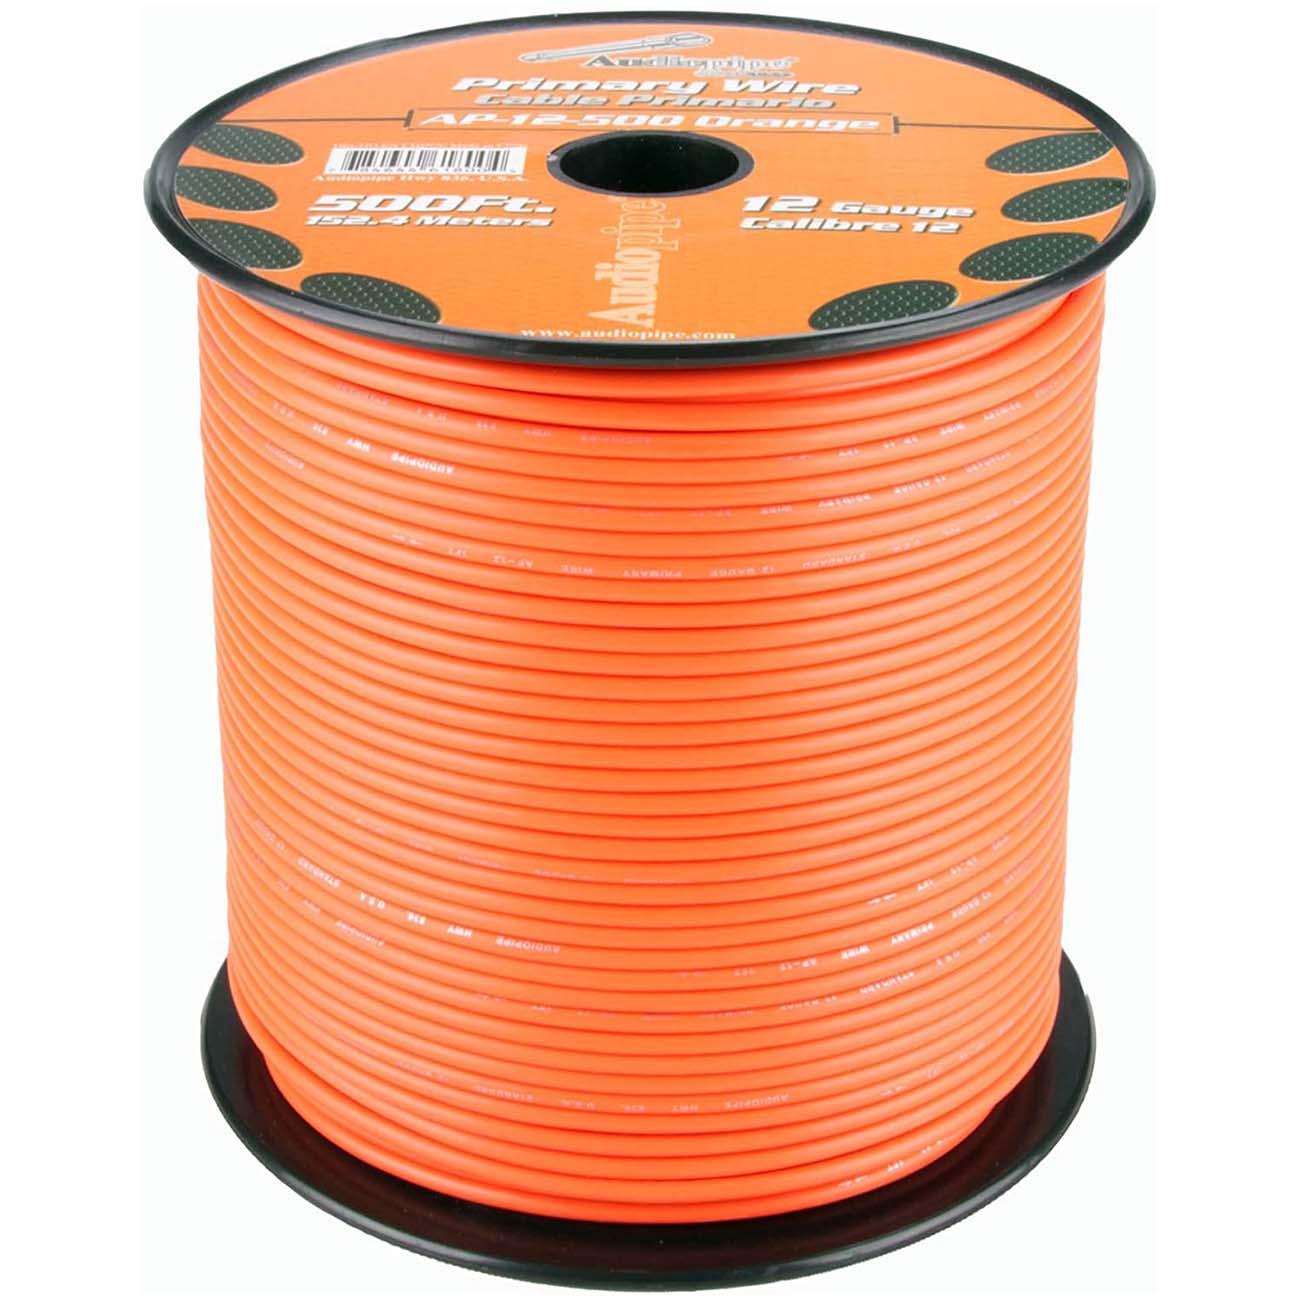 Audiopipe AP12500OR 12 Gauge 500Ft Primary Wire Orange
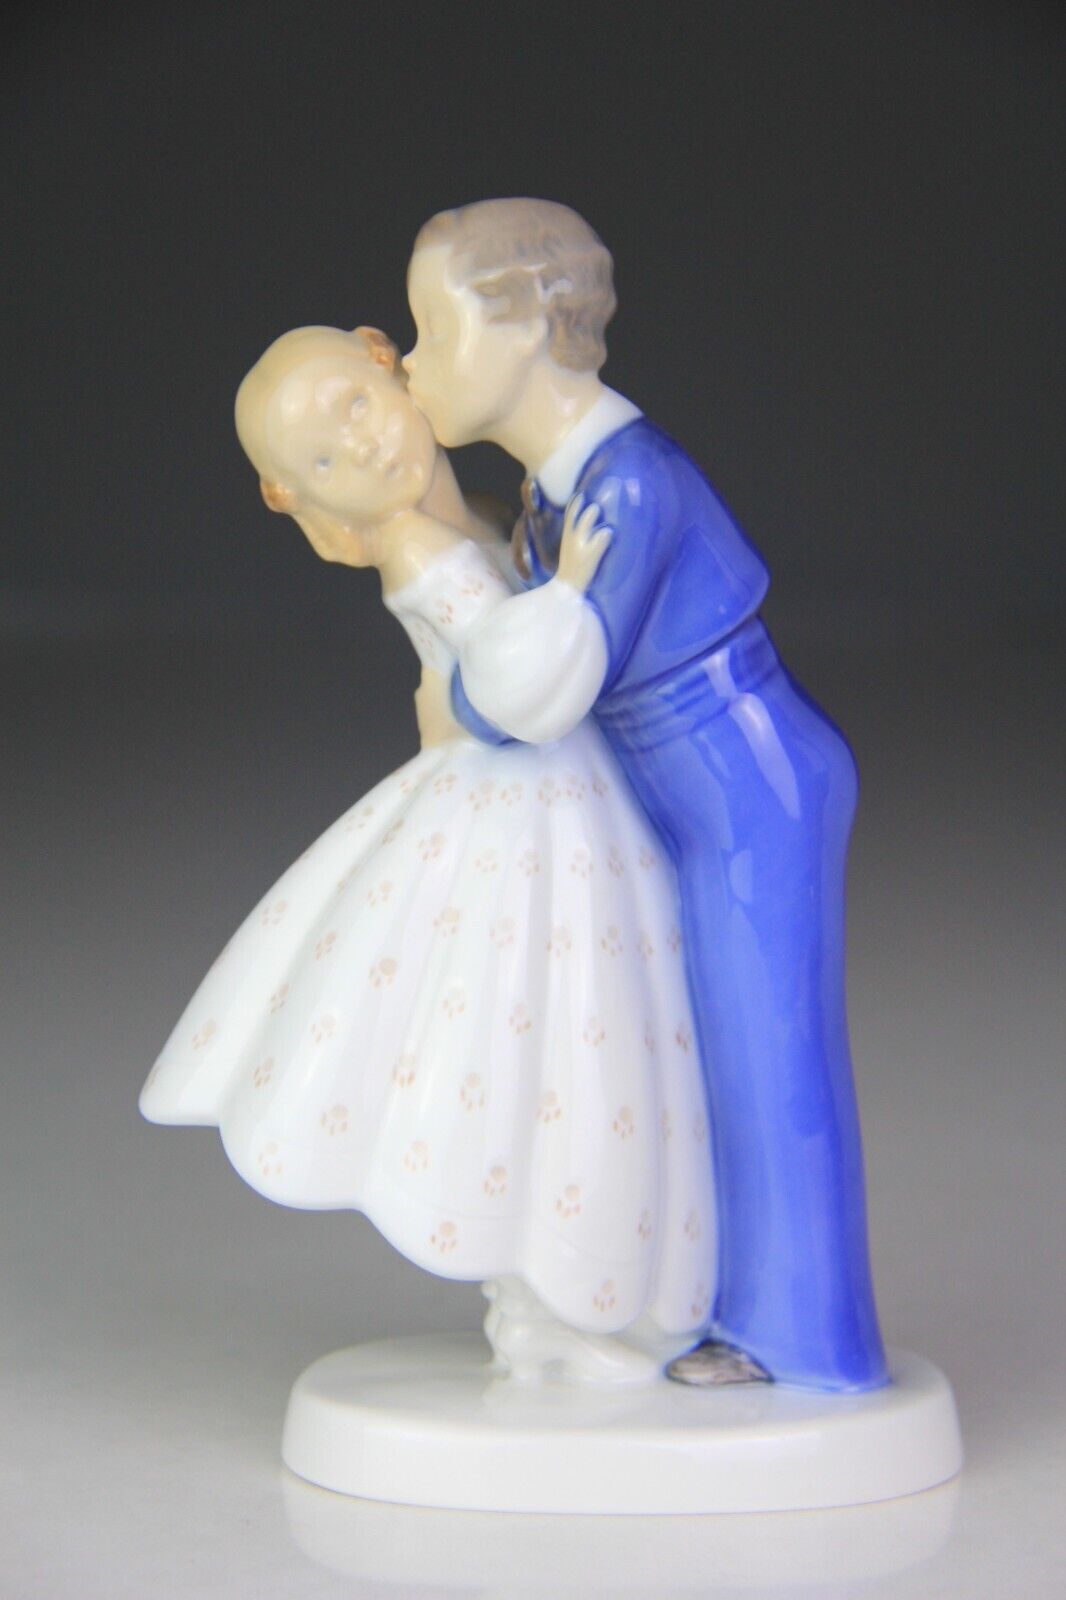 Vintage Bing & Grondahl Figurine Youthful Boldness First Kiss #2162 1958-1962
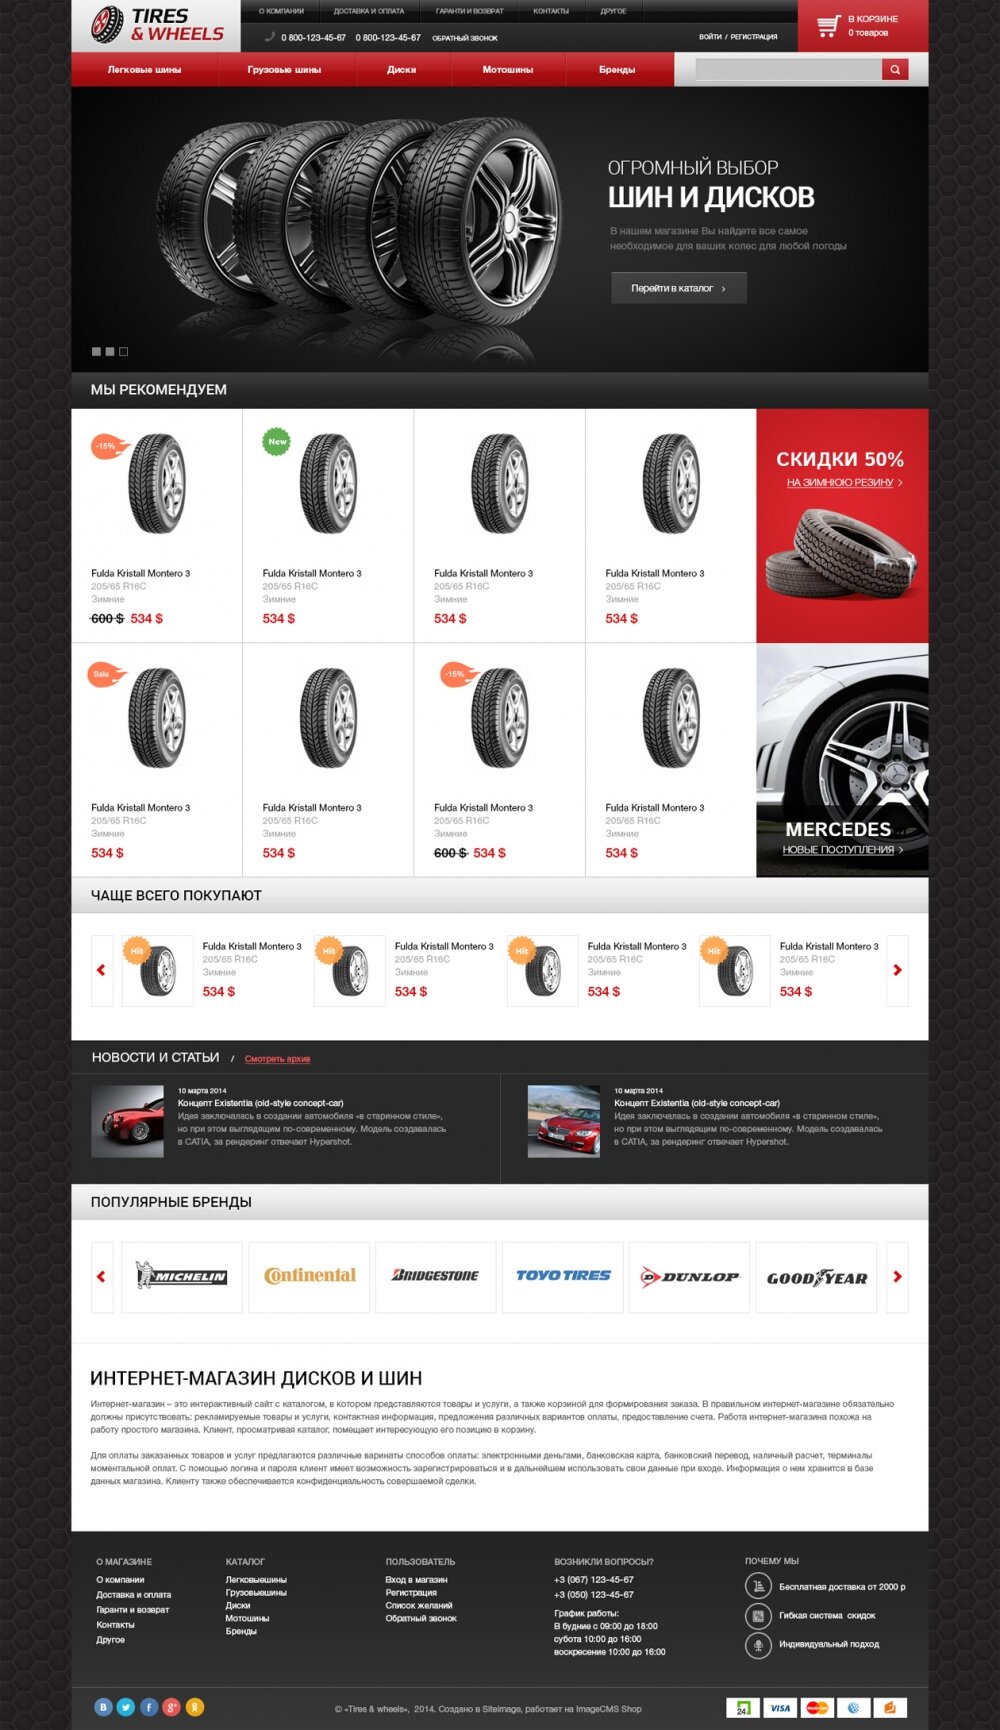 Tires&Wheels
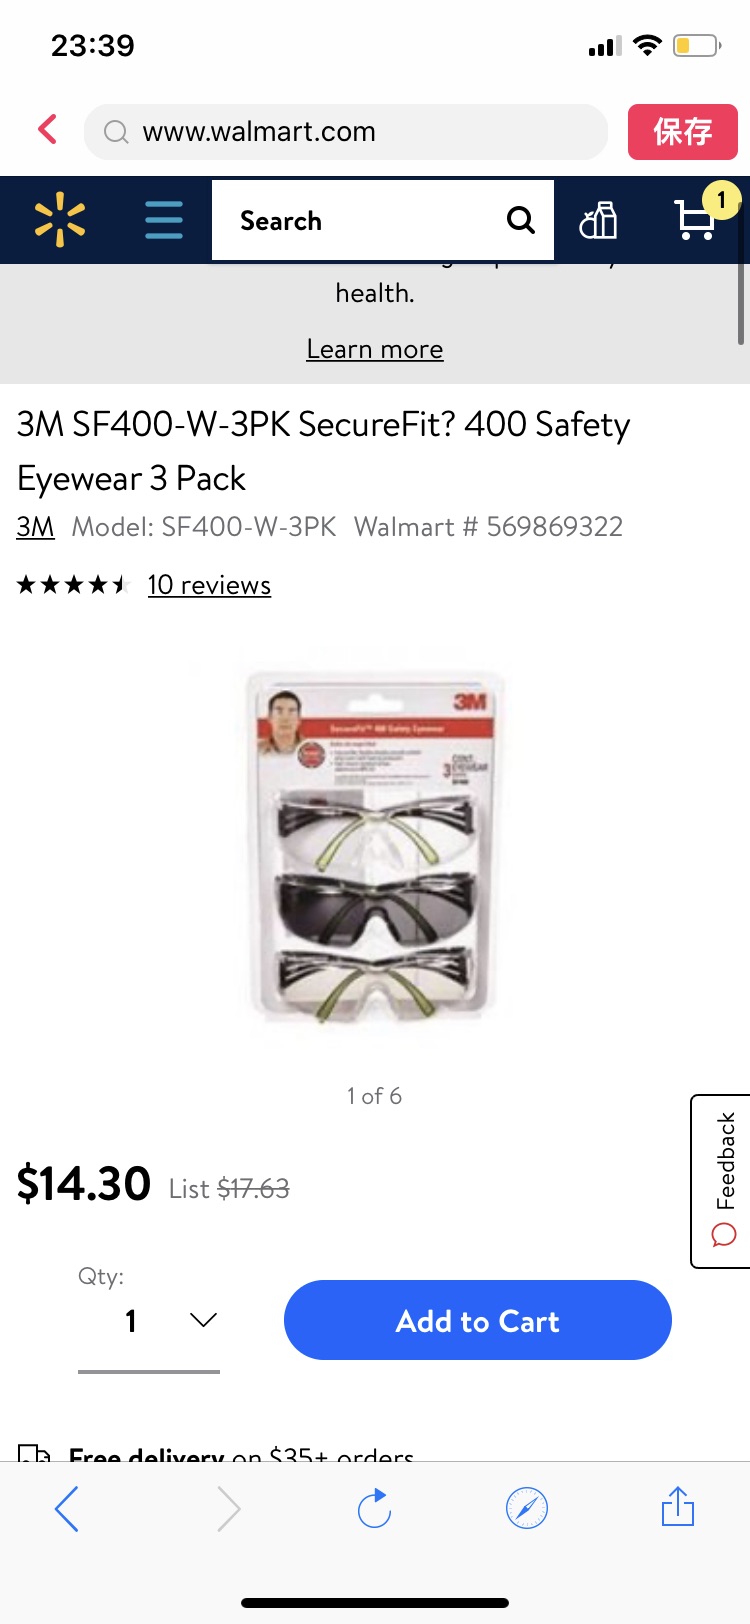 3M SF400-W-3PK SecureFit? 400 Safety Eyewear 3 Pack - Walmart.com - 护目镜

Activity:
Only those lines from the one containing "Vintage Bing &" to the end of the material above, retyped exactly and without pictures, belong in your reply.

Response to this exercise:
 Vintage Bing & Grondahl Figurine Youthful Boldness First Kiss #2162 1958-1962
 Tires&Wheels
 3M SF400-W-3PK SecureFit? 400 Safety Eyewear 3 Pack - Walmart.com - 护目镜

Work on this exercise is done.